In part, because from Meltano's perspective,
we don't want to take over ownership of Singer forever
because we are building a data ops operating system.
We're not just building an EL tool.
So it's in our interest for there to be
independently thriving open source technologies
for every step of the data lifecycle
that we can make better than the sum of their parts. But ultimately, it has to be this ecosystem and community around Singer that keeps it alive.
And we are happy to have a big role in that and put development resources and everything towards
it. But we cannot do it ourselves. I have a question that I think is also going to lead us into the future of Meltano and DataOps. And I want to ask you about how you, as Meltano, can manage the quality of these connectors.
And I think this is one of the biggest, let's say, arguments that a closed system like Fivetron
has that, yeah, sure, you can go download something from GitHub.

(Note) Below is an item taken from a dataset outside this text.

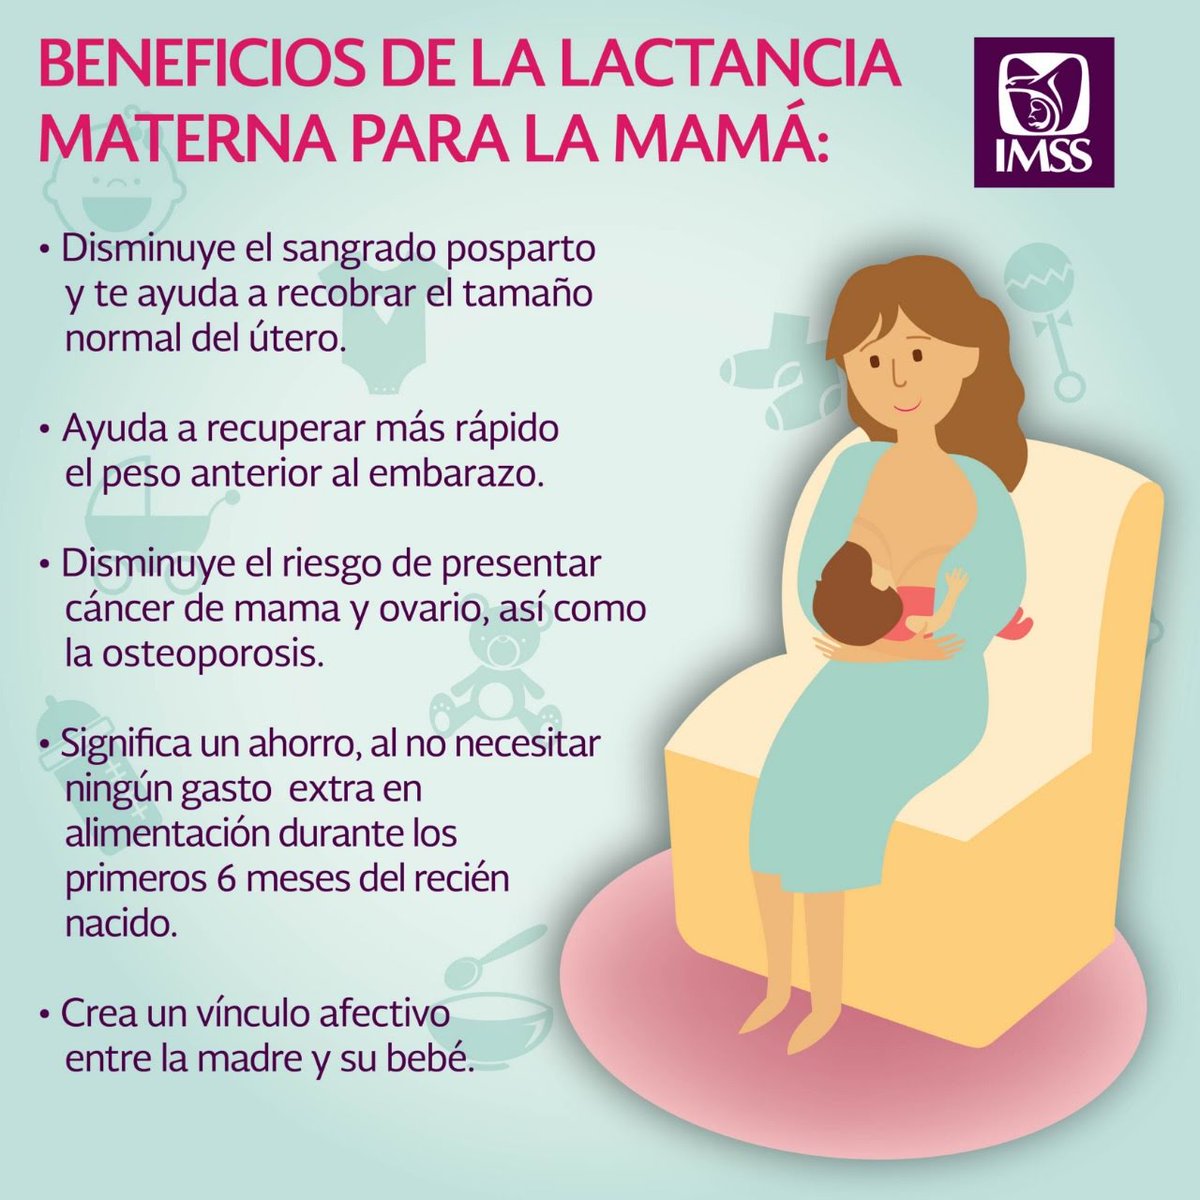 dañar Patriótico Chip gob.mx Twitterren: "El lema de la Semana Mundial de la #LactanciaMaterna  es: "Lactancia materna: los cimientos de la vida" se trata un  reconocimiento de la importancia de la lactancia materna para el

And of course, many of these like versions of the
connectors that just crap right like they are not updated they are not simply made it well
like all these things so how do you deal with that like with such like a diverse let's say
code base yeah yeah it's a really interesting question and it kind of goes through the trade-off
between the decentralized maintenance
of an open source ecosystem where you get a ton of advantages like there's not a single bottleneck
who slow who can slow things down and the the amount of connectors is essentially endless if
you decentralize the maintenance to different kind of invested parties but that also means that
we cannot fix a bug ourself unilaterally in some particular connector if we want to,
because we do not necessarily have ownership over that repository.
The way we're thinking about it is that in any open source ecosystem,
if there are enough users who are okay with this deal of, okay, I get to use it,
but I maybe occasionally have to fix stuff, then the top used connectors will automatically get enough usage and eyeballs that they are in a good state. And for us, it's more important to have a
decentralized ecosystem that can scale indefinitely than to have a smaller or controlled ecosystem
that we have tighter control over. But that does mean that if you are a company that just needs
connectors that will always work and you never have to worry about maybe fixing a bug yourself, Meltano or rather Singer might not be the best choice for you today.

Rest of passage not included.